Данил
В буковом кресле с вытертыми от времени ручками я чувствую себя особой королевских кровей.
Она который раз пригласила меня зайти. Она подносит мне чай. К моему приходу купила пирожных, смешно и мило, будто я совсем еще мальчишка. Наверное, это я должен был что-то ей принести, но в который раз не сообразил, даже стыдно.
От старости у нее трясутся руки. И чашка дрожит на блюдечке, и крохотная серебряная ложка отбивает мелкую дробь. В комнату заглядывает солнце. Освещает царство пыли и увядших цветочных букетов, мир сухих роз и потрепанных книжных корешков, мир склеенных по линии слома сервизов и заварочных чайников с обколотыми носиками, мир масляных красок и мастихинов.
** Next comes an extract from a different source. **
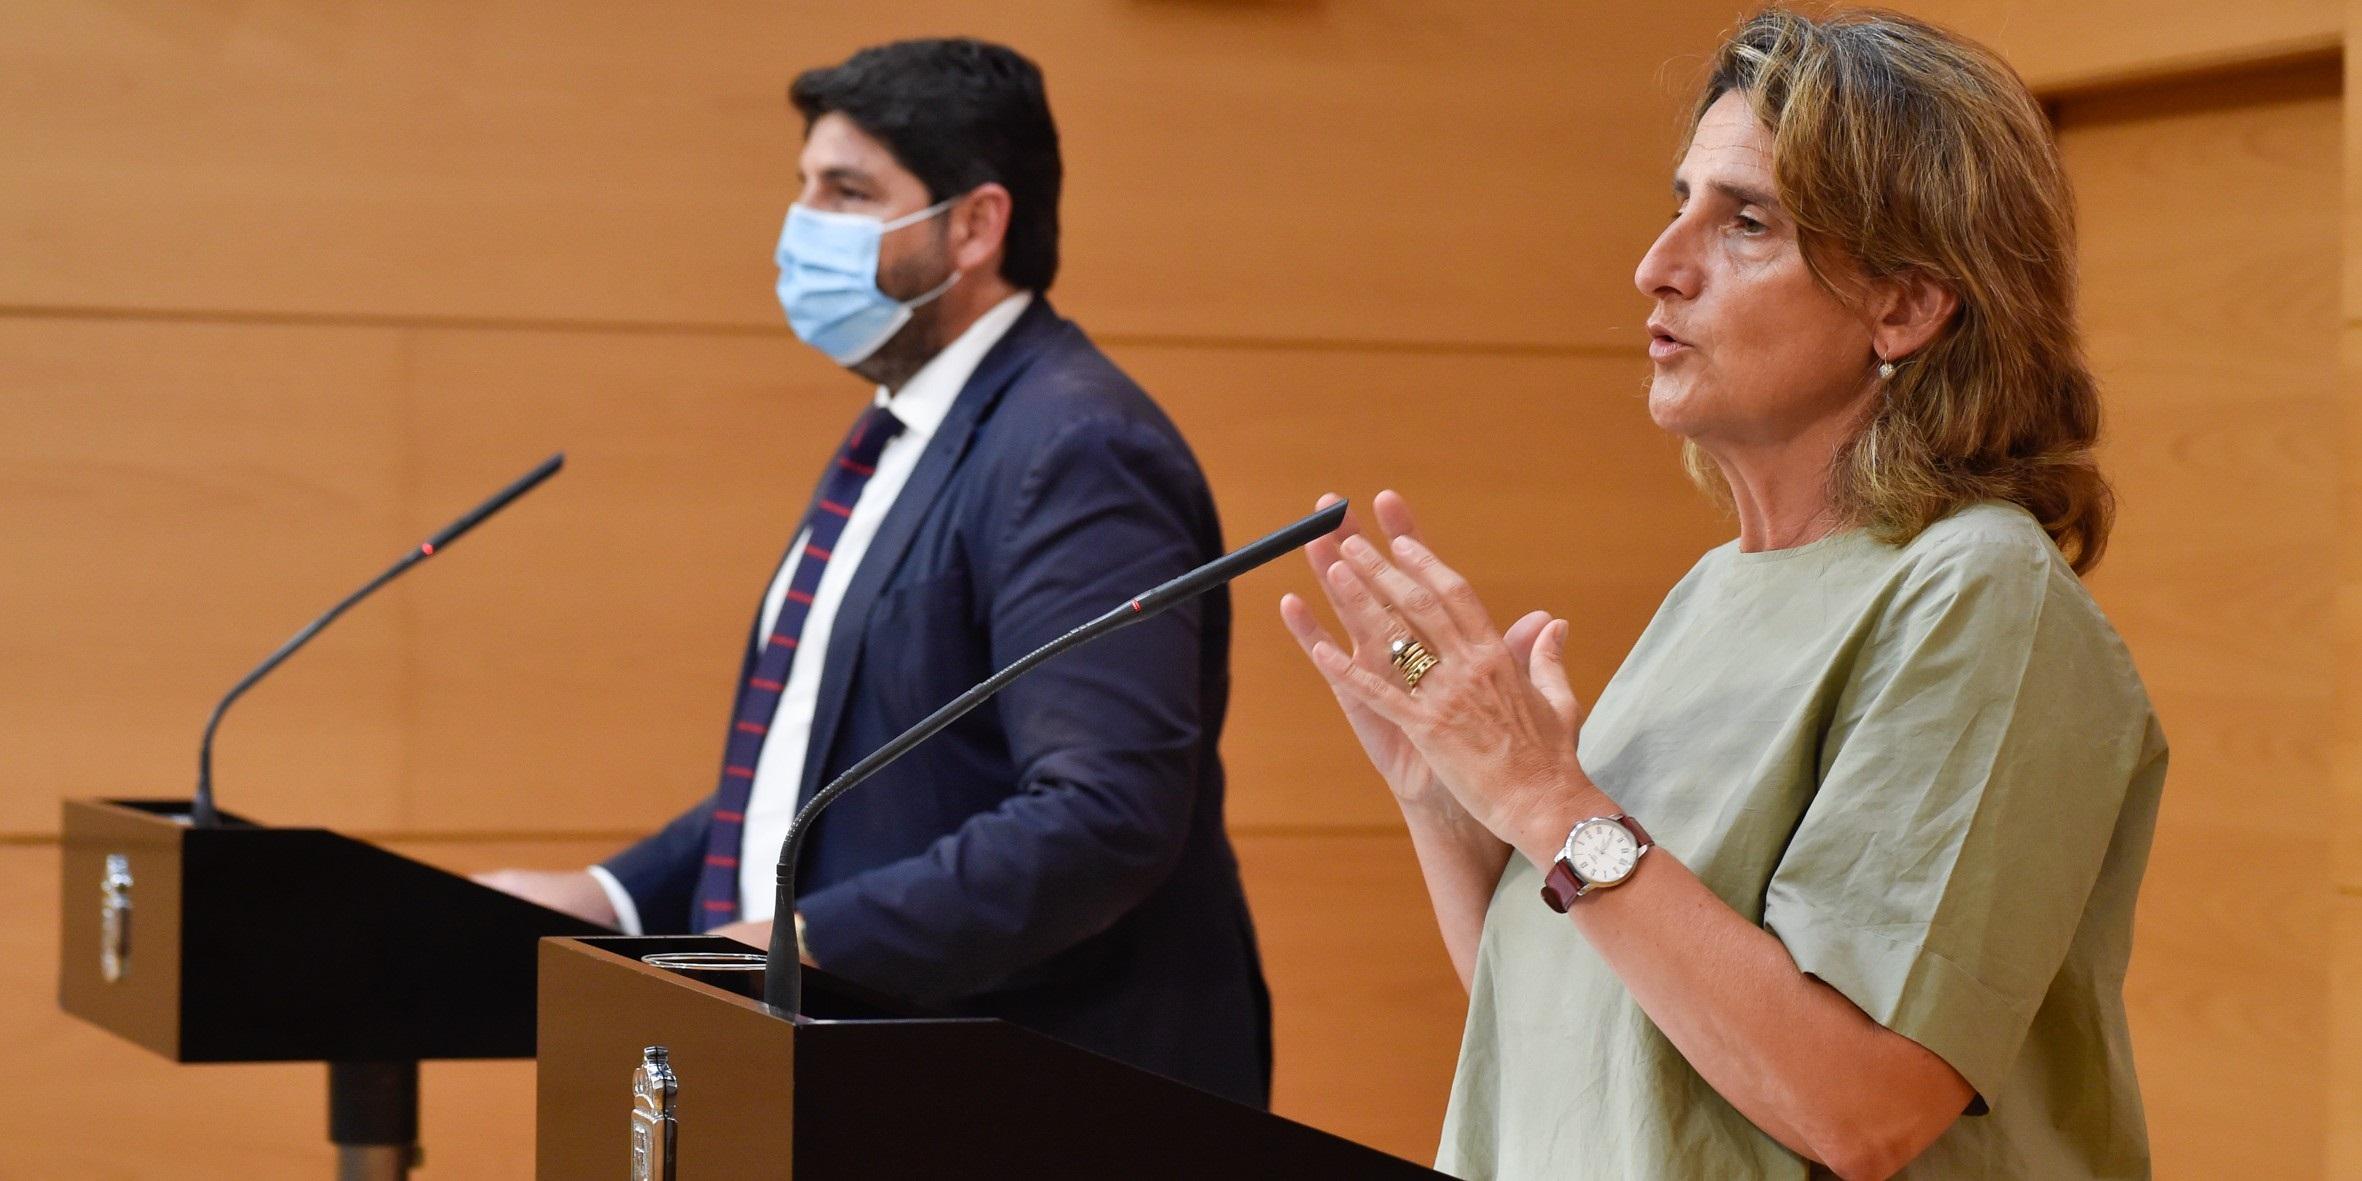 La ministra Teresa Ribera se reunió con el presidente murciano, Fernando López Miras. / EP

Ее ладони морщинисты и узловаты, теплы и пахнут домашним хлебом. Ее волосы седы, подобраны шпильками, невидимками. Она суха, держит спину прямо. Когда она опускает глаза к полу, можно увидеть ее большие тяжелые веки с поредевшей гребенкой ресниц. В ней есть что-то от милой девушки, которой она когда-то была. Может быть, изредка вспыхивающий румянец? Что-то от маленькой девочки. Бойкий взор, любопытство во взгляде, робкая улыбка.
Она усаживает меня лицом к солнцу — так ей проще будет меня рассмотреть.
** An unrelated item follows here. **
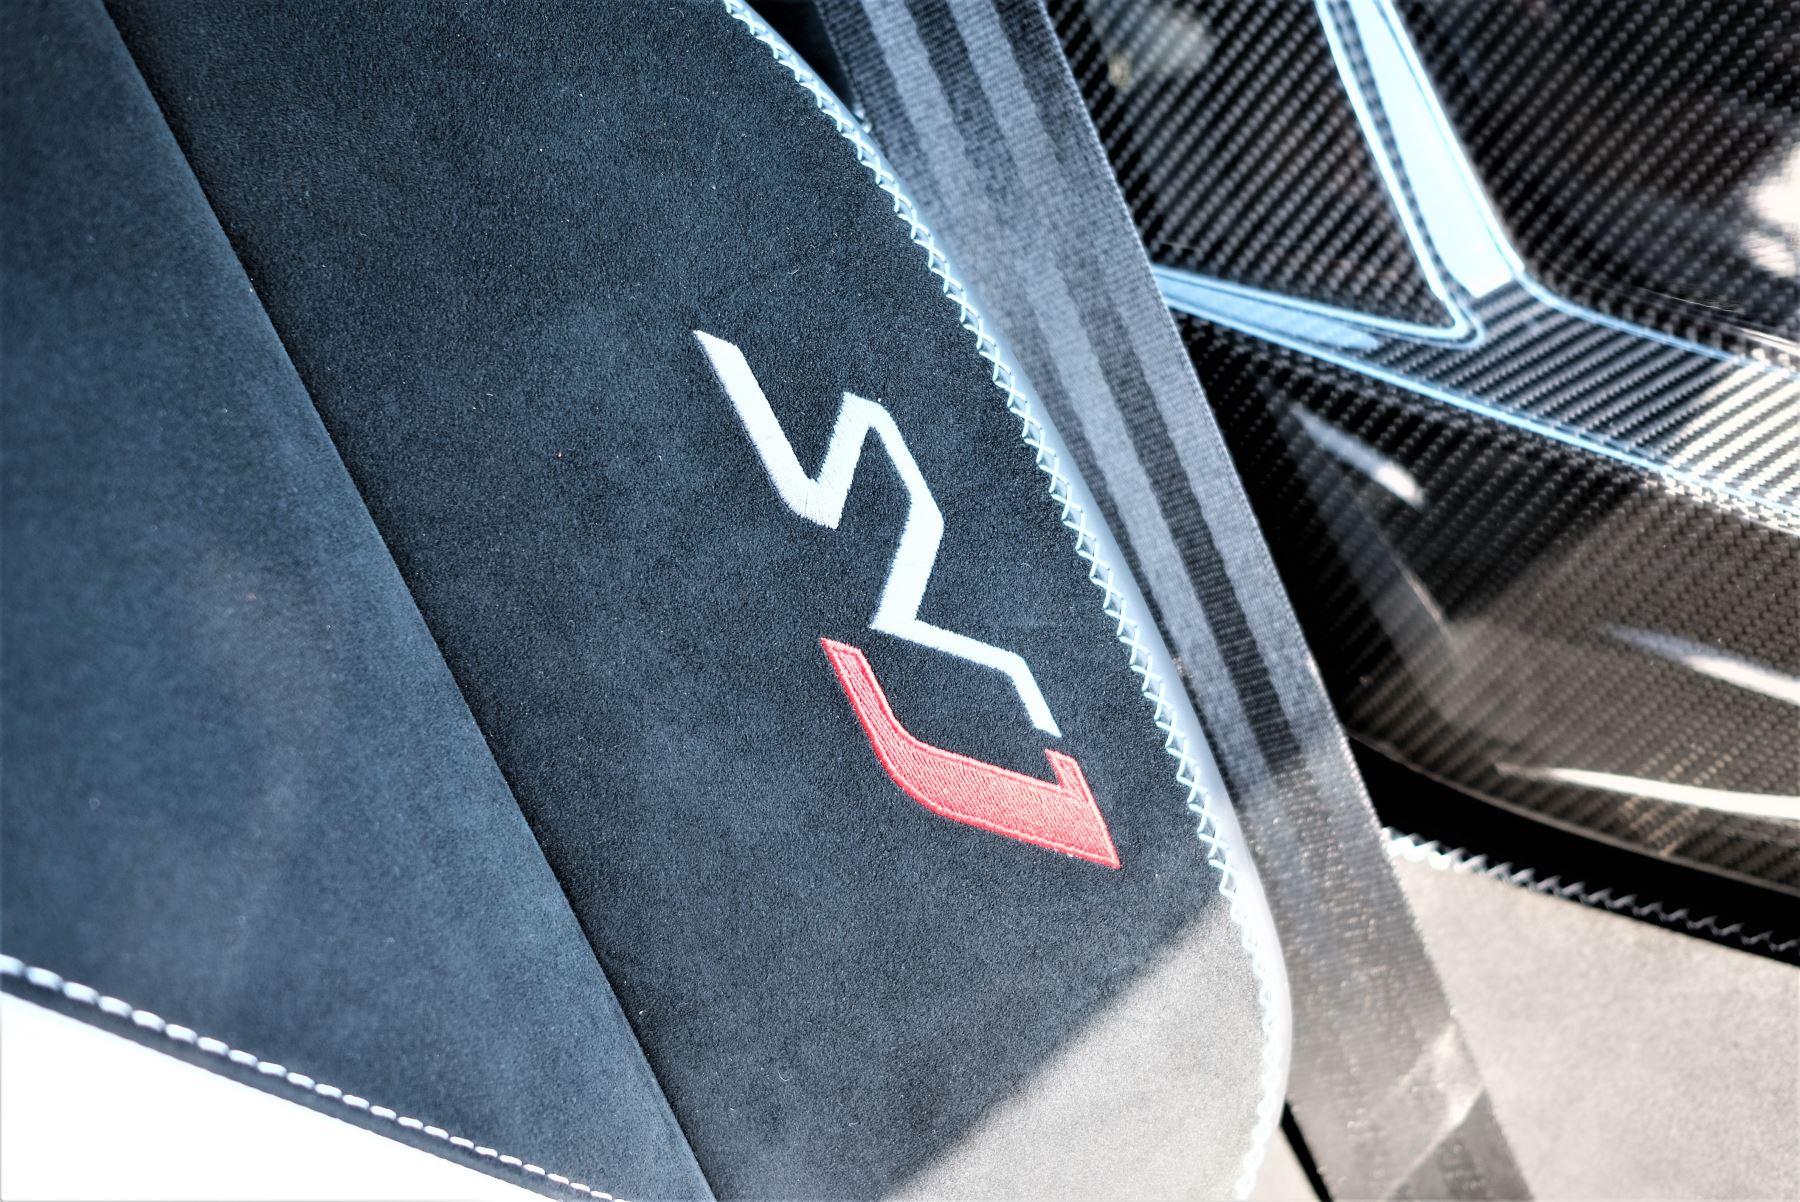 Lamborghini Aventador SVJ Coupe VAT Qualifying image 20

Ее зрачки сужаются до маленькой точки, и она говорит:
— Точь-в-точь Рыжик.
Я улыбаюсь ей, смеюсь, рассказываю, что меня иногда сравнивают с котом. Но Рыжик оказывается не котом, а младшим братом, который погиб во время артобстрела. NB! Надо записать эту историю в тетрадь. Рыжик нес мамину любимую вазу, очень хотел ее спасти, чтобы мама обрадовалась по возвращении домой. Рыжик упал на землю, он был весь в крови, ваза разлетелась на мелкие кусочки. Марина стояла рядом с ним на коленях. Платье в грязи, лицо в слезах. Сердце Марины могло также, на осколки, разбиться — не соберешь. Оно залегло где-то в глубине грудной клетки и угрожающе громко билось.
Самый большой осколок вазы она принесла домой. На нем была запекшаяся кровь Рыжика. Она не знала, что сказать матери. У нее не было слов. Слова будто вывели, вытравили сильным химикатом. Она пришла, когда дома уже не стало. Черные обломки, синее небо с безупречными облаками. Мать, обнимающая остатки перил и беззвучно рыдающая. Платье перепачкано в земле, лицо в саже. Марина не слышала ни звука. Сначала даже подумала, будто ее оглушило.
Это было первое, что она рассказала. Я смотрел в ее глаза и понимал, что это начало.
Она говорила, что это было ее первое наказание за юношескую дерзость, за девчоночью глупость, за слишком многое, взятое ею на себя.
Конец ознакомительного фрагмента.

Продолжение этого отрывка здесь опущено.